1. Allow only the main thread to touch the GUI (gtk) part, while letting other threads do background work. For this to work, first call

  gobject.threads_init()
at applicaiton initialization. Then you launch your threads normally, but make sure the threads never do any GUI tasks directly. Instead, you use gobject.idle_add to schedule GUI task to executed in the main thread. Example:

 import threading
 import time
 import gobject
 import gtk

 gobject.threads_init()

 class MyThread(threading.Thread):
     def __init__(self, label):
         super(MyThread, self).__init__()
         self.label = label
         self.quit = False

     def update_label(self, counter):
         self.label.set_text("Counter: %i" % counter)
         return False

     def run(self):
         counter = 0
         while not self.quit:
             counter += 1
             gobject.idle_add(self.update_label, counter)
             time.sleep(0.1)

 w = gtk.Window()
 l = gtk.Label()
 w.add(l)
 w.show_all()
 w.connect("destroy", lambda _: gtk.main_quit())
 t = MyThread(l)
 t.start()

 gtk.main()
 t.quit = True
2. Allow any thread to do GUI stuff. Warning: people doing win32 pygtk programming have said that having non-main threads doing GUI stuff in win32 doesn't work. So this programming style is really not recommended.

Anyway, to make this work, start by calling:

 gtk.gdk.threads_init()
at startup. Failing to do this will make PyGTK never release the python threading lock. At least Debian's packages are compiled properly, so it's a matter of using that call.

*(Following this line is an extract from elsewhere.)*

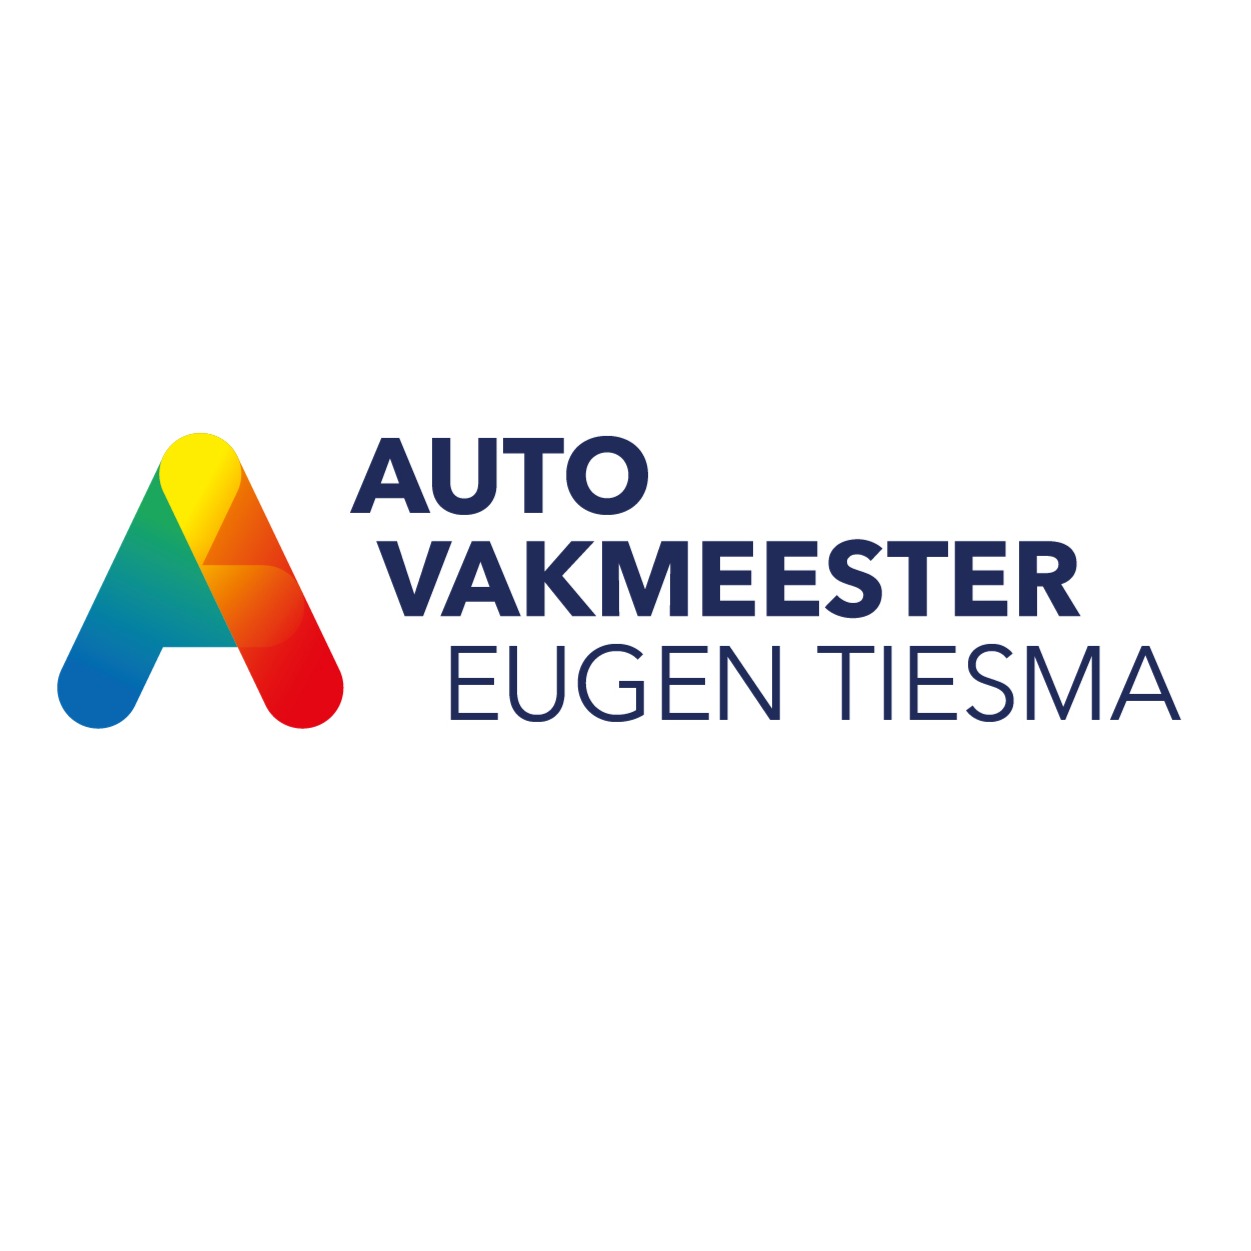 Autobedrijf Eugen Tiesma | Autovakmeester Logo

Then you have to wrap your main loop with gtk.threads_enter()/gtk.threads_leave(), like this:

 gtk.threads_enter()
 gtk.main()
 gtk.threads_leave()
Your threads code must, before touching any gtk functions or widgets, call gtk.threads_enter(), and after gtk.threads_leave(), for example:
  ...
  gtk.threads_enter()
  try:
      myentry.set_text("foo")
  finally:
      gtk.threads_leave()
  ...
Also, keep in mind that signal handlers don't need gtk.threads_enter/leave(). There are other concerns, see [developer.gnome.org] .

Cedric Gustin posted a short example of threaded code at [www.daa.com.au] -- it's a good building block for a more complex threaded application.

Finally, if you are writing a C extension module, remember that you need to protect calls that potentially lock the thread with Py_BEGIN_ALLOW_THREADS and Py_END_ALLOW_THREADS.